▸ Exercise details
The entries that follow include a run beginning at the line with "Cooler para Laptop Airboom Cruiser" and ending at the line with "BC 2020-2057 Ocean fishing machine stamp"; restate that run word for word and leave the rest out.

[Extracted records Boundary: Start]

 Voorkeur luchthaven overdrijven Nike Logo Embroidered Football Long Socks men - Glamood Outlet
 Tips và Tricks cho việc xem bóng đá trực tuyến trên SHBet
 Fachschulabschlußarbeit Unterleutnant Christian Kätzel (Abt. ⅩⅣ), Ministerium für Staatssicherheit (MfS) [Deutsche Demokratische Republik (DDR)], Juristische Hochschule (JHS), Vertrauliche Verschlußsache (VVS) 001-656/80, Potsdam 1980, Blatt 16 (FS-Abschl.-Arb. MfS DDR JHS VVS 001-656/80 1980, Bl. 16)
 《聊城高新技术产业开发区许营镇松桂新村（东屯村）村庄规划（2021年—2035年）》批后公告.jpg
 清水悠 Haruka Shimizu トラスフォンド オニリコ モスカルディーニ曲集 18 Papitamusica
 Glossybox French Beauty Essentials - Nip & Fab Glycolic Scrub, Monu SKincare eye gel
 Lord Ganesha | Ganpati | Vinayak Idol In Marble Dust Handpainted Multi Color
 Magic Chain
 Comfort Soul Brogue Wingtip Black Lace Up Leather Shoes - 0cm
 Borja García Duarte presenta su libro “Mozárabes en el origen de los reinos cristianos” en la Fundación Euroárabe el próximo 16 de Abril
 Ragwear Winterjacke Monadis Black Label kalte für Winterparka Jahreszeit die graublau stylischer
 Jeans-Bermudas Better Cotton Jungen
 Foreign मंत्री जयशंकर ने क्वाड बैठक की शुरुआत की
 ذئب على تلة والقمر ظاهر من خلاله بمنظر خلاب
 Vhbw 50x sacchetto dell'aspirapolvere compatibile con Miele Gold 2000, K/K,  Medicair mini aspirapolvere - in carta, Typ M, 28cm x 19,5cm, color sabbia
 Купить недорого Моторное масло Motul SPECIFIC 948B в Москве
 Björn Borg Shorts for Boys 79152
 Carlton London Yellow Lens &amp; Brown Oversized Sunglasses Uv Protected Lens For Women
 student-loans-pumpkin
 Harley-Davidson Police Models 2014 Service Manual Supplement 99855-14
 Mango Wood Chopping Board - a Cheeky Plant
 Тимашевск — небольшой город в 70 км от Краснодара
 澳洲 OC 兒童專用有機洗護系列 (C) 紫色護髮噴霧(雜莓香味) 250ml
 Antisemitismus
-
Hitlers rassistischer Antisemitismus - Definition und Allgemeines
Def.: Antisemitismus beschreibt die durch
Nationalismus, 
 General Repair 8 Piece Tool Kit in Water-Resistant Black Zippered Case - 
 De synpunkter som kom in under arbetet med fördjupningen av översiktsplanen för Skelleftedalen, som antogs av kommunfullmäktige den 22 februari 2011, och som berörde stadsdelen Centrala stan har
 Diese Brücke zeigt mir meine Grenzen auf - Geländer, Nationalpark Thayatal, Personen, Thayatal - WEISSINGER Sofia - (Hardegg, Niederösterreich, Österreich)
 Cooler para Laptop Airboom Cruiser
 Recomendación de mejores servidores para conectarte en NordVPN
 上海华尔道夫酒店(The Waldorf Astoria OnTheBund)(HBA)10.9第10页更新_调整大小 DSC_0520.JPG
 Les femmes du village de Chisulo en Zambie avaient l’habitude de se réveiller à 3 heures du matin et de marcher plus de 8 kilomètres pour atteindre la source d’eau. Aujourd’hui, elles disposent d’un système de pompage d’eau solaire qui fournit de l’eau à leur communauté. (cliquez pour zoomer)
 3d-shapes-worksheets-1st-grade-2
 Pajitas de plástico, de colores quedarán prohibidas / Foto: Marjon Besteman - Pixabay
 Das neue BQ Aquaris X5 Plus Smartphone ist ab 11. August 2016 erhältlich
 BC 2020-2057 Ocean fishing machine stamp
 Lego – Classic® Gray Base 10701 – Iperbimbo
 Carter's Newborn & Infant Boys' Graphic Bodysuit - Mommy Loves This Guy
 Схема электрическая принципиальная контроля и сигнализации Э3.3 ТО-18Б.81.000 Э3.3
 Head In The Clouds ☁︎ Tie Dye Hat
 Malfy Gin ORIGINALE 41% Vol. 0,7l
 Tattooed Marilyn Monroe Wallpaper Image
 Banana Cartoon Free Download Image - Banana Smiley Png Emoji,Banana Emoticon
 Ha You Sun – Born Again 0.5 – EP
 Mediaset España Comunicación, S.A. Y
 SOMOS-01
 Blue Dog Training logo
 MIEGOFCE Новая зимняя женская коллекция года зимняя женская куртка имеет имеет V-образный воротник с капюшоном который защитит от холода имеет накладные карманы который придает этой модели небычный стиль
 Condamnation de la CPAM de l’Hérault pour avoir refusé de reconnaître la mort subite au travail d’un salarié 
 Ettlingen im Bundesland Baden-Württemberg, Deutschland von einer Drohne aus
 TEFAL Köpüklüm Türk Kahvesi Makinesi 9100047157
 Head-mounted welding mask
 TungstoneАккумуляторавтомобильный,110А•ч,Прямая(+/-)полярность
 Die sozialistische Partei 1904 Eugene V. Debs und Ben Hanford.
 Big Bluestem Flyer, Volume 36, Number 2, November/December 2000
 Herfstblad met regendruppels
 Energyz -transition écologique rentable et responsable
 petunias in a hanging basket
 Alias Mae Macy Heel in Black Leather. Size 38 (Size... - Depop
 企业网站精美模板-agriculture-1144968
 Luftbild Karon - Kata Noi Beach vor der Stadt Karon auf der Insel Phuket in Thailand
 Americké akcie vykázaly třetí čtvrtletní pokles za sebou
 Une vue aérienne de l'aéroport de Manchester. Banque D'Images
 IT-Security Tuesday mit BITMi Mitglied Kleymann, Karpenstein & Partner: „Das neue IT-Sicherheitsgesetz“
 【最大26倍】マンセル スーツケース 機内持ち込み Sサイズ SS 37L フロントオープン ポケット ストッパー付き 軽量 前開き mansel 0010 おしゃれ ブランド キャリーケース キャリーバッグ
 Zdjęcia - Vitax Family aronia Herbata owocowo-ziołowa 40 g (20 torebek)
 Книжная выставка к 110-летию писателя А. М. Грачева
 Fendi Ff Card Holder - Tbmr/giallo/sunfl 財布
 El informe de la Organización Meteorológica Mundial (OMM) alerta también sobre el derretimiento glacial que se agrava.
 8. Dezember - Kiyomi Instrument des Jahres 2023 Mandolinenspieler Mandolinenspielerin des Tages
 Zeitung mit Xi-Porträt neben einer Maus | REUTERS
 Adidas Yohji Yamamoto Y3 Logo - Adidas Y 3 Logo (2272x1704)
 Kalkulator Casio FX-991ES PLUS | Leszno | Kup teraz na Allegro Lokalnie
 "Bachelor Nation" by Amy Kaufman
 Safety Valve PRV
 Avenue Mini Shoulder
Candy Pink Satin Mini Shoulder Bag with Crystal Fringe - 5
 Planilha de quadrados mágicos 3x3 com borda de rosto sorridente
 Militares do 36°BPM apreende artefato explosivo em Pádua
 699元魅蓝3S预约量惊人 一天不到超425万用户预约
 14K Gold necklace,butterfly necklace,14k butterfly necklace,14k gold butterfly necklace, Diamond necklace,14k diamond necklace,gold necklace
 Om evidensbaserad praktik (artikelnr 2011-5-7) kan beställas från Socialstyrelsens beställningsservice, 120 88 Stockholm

[Extracted records Boundary: End]

▸ Output for this exercise
 Cooler para Laptop Airboom Cruiser
 Recomendación de mejores servidores para conectarte en NordVPN
 上海华尔道夫酒店(The Waldorf Astoria OnTheBund)(HBA)10.9第10页更新_调整大小 DSC_0520.JPG
 Les femmes du village de Chisulo en Zambie avaient l’habitude de se réveiller à 3 heures du matin et de marcher plus de 8 kilomètres pour atteindre la source d’eau. Aujourd’hui, elles disposent d’un système de pompage d’eau solaire qui fournit de l’eau à leur communauté. (cliquez pour zoomer)
 3d-shapes-worksheets-1st-grade-2
 Pajitas de plástico, de colores quedarán prohibidas / Foto: Marjon Besteman - Pixabay
 Das neue BQ Aquaris X5 Plus Smartphone ist ab 11. August 2016 erhältlich
 BC 2020-2057 Ocean fishing machine stamp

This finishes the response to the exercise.